More Traces of the Emigrant Trail:

Iron Mountain Road

Today’s Iron Mountain Road was the route the Mormons took as they headed east over the mountains in 1848. And it soon was followed by the great westward migration — becoming an important leg of the early Emigrant Trail as wagons rushed for Gold Country.

You may remember our earlier newsletter taking you as far as Leek Springs (here’s the short version: take Hwy 88 west and turn off at Mormon-Emigrant Trail, which is Iron Mountain Road. To read the complete earlier Leek Springs adventure, click here!).

Once you get to Leek Springs, stop and set your odometer. Continue past Leek Springs another 2.5 miles to find another historic T-post marking the Emigrant Trail. The T-post itself is not easily visible from the road, so watch carefully for the pullout on your right.

Look for this pull-off on your right.

This Trail marker bears a great quote from an early emigrant named Tiffany, describing how the old route followed the ridge along the “divide.” That means that in many places the early Emigrant Trail stayed higher than today’s road. But its general path was roughly the same.

Tiffany passed this way in the summer of 1849.
Note the classic rounded triangle marker, confirming you’re standing on the original Emigrant Trail. It always gives me goosebumps!

Keep an eye out as you travel the next few miles and you’ll see the old roadbed switching back and forth across the new one. At odometer reading 4.4 miles, for example, the Trail crosses from your right to left over the current paved roadway to follow the ridge. And at 4.6, it swings back again to the right.

At 9.9 miles you’ll begin to see oak trees make an appearance. Westward-bound gold-seekers were happy to welcome this lower-elevation vegetation species, as they now were able to feed oak leaves to their hungry cattle.

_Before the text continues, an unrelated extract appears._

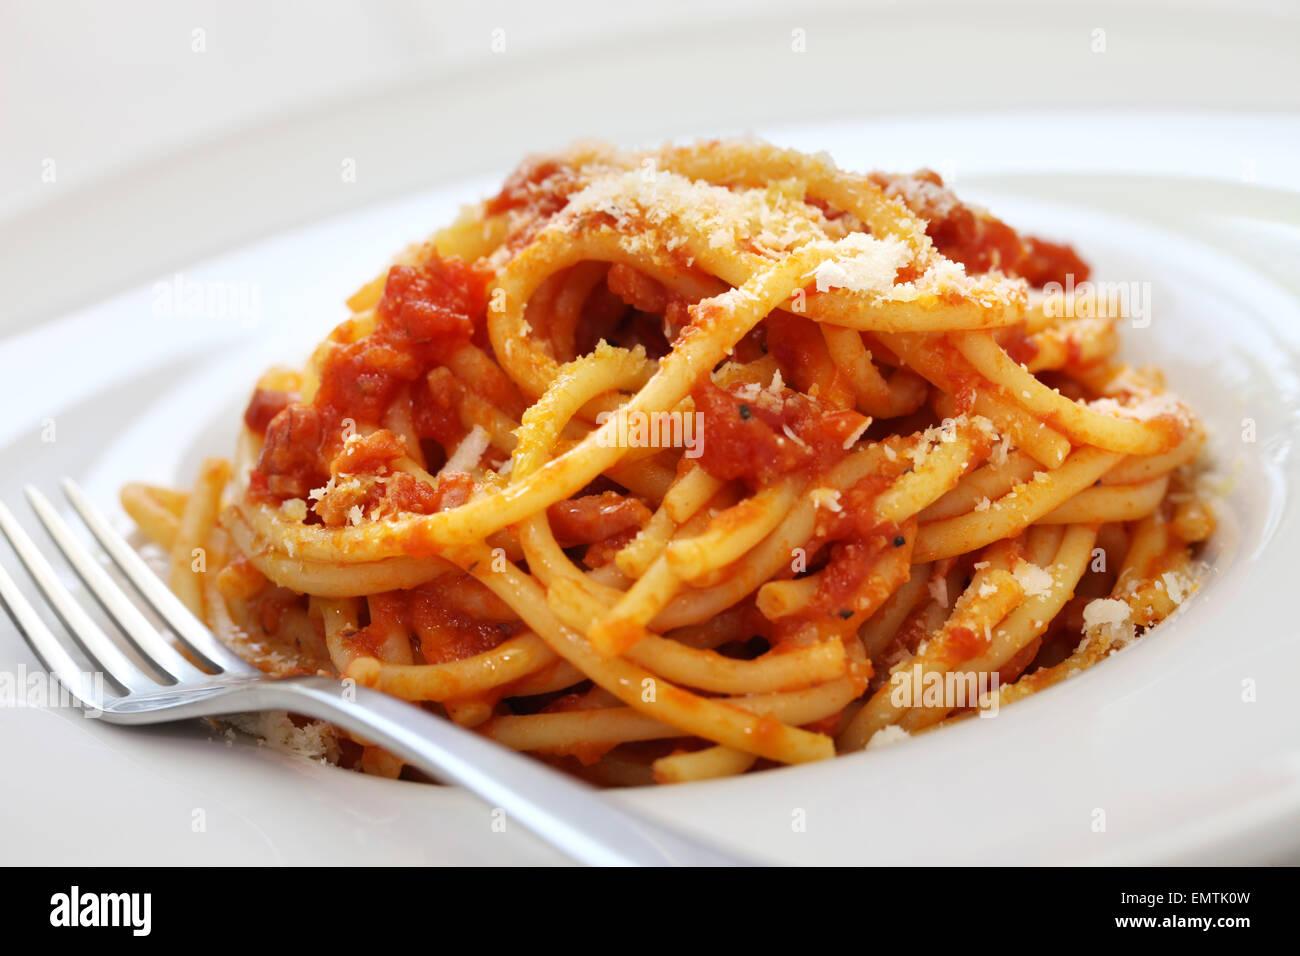 Bucatini alla amatriciana, salsa de tomate pasta italiana Imagen De Stock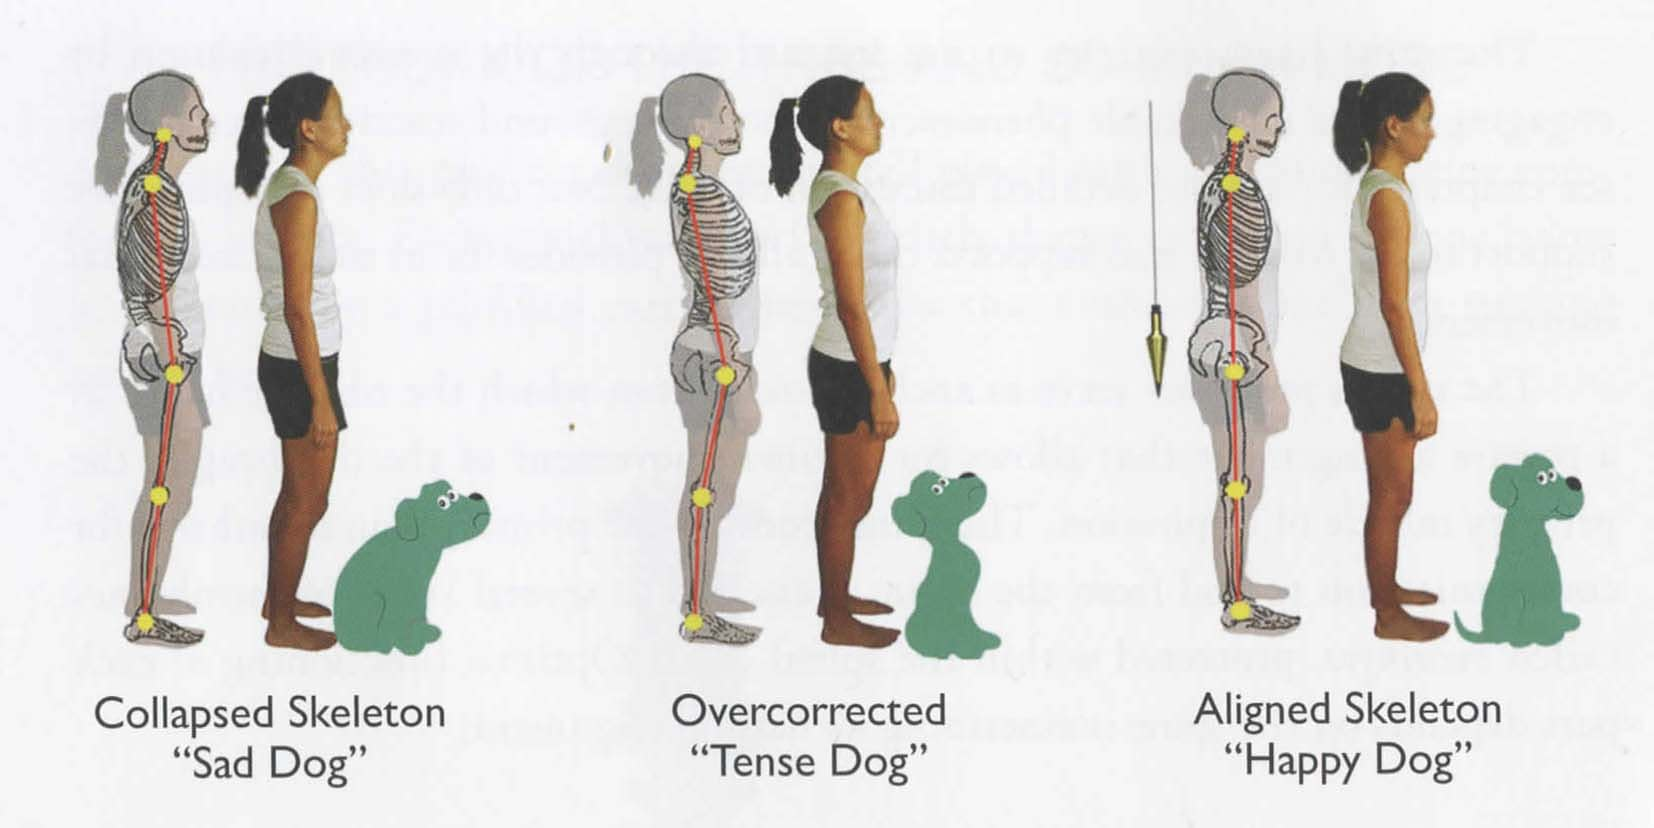 sad-tense-happy-dog-standing

The oak trees were beautiful in the late summer and early fall — and so welcome as forage for emigrants’ cattle!

About 21.5 miles into your journey you’ll come to beautiful Jenkinson Lake. After crossing the second dam, watch for a beautiful green-patinaed historic plaque on your right, erected by the Pollock Pines Rotary.

Jenkinson Lake
Admire the great patina on this plaque honoring Walter E. Jenkinson, who championed the creation of the lake which today bears his name. As the plaque notes, this Lake provides an important source of water to the valley.

Here at the Lake, the Jenkinson Lake Sly Park Recreation Area offers a cool waterfall hike, and yes, dogs are allowed (for an extra fee!). For complete information about the park and great photos of the waterfall and the hiking trail, check out this description here. (Scroll down after the page opens.)

Before the lake was created by the dams, this area was a large stream-fed meadow. This made it a great spot for grazing, and the eastward-bound Mormon Battalion stopped here to camp for over a week in July, 1848, dubbing it “Sly Park” (after one of their members), for its “park-like” appearance. Here the anxious Mormons dispatched ten of their men to find the trail ahead and also to look for their three missing scouts (whose bodies they’d sadly find when they eventually reached Tragedy Spring). For a great summary of the history of Sly Park, including its prehistoric use by native Maidu and Miwok peoples and early local ranchers, read here.

As you continue the journey you’ll soon reach a stop sign where the road comes to a “T”. Re-set your odometer here and take left-hand road toward Pleasant Valley on Sly Park Road. In another 1.5 miles you’ll pass an Environmental Ed Center on your right; this is used to teach teachers about environmental issues. (For more information about the Center, see www.slyparkcenter.org).

If you have a bit of time, continue to enjoy this rural road as it winds its delightful way into Placerville! (A longer but much more scenic way to get there than the freeway!)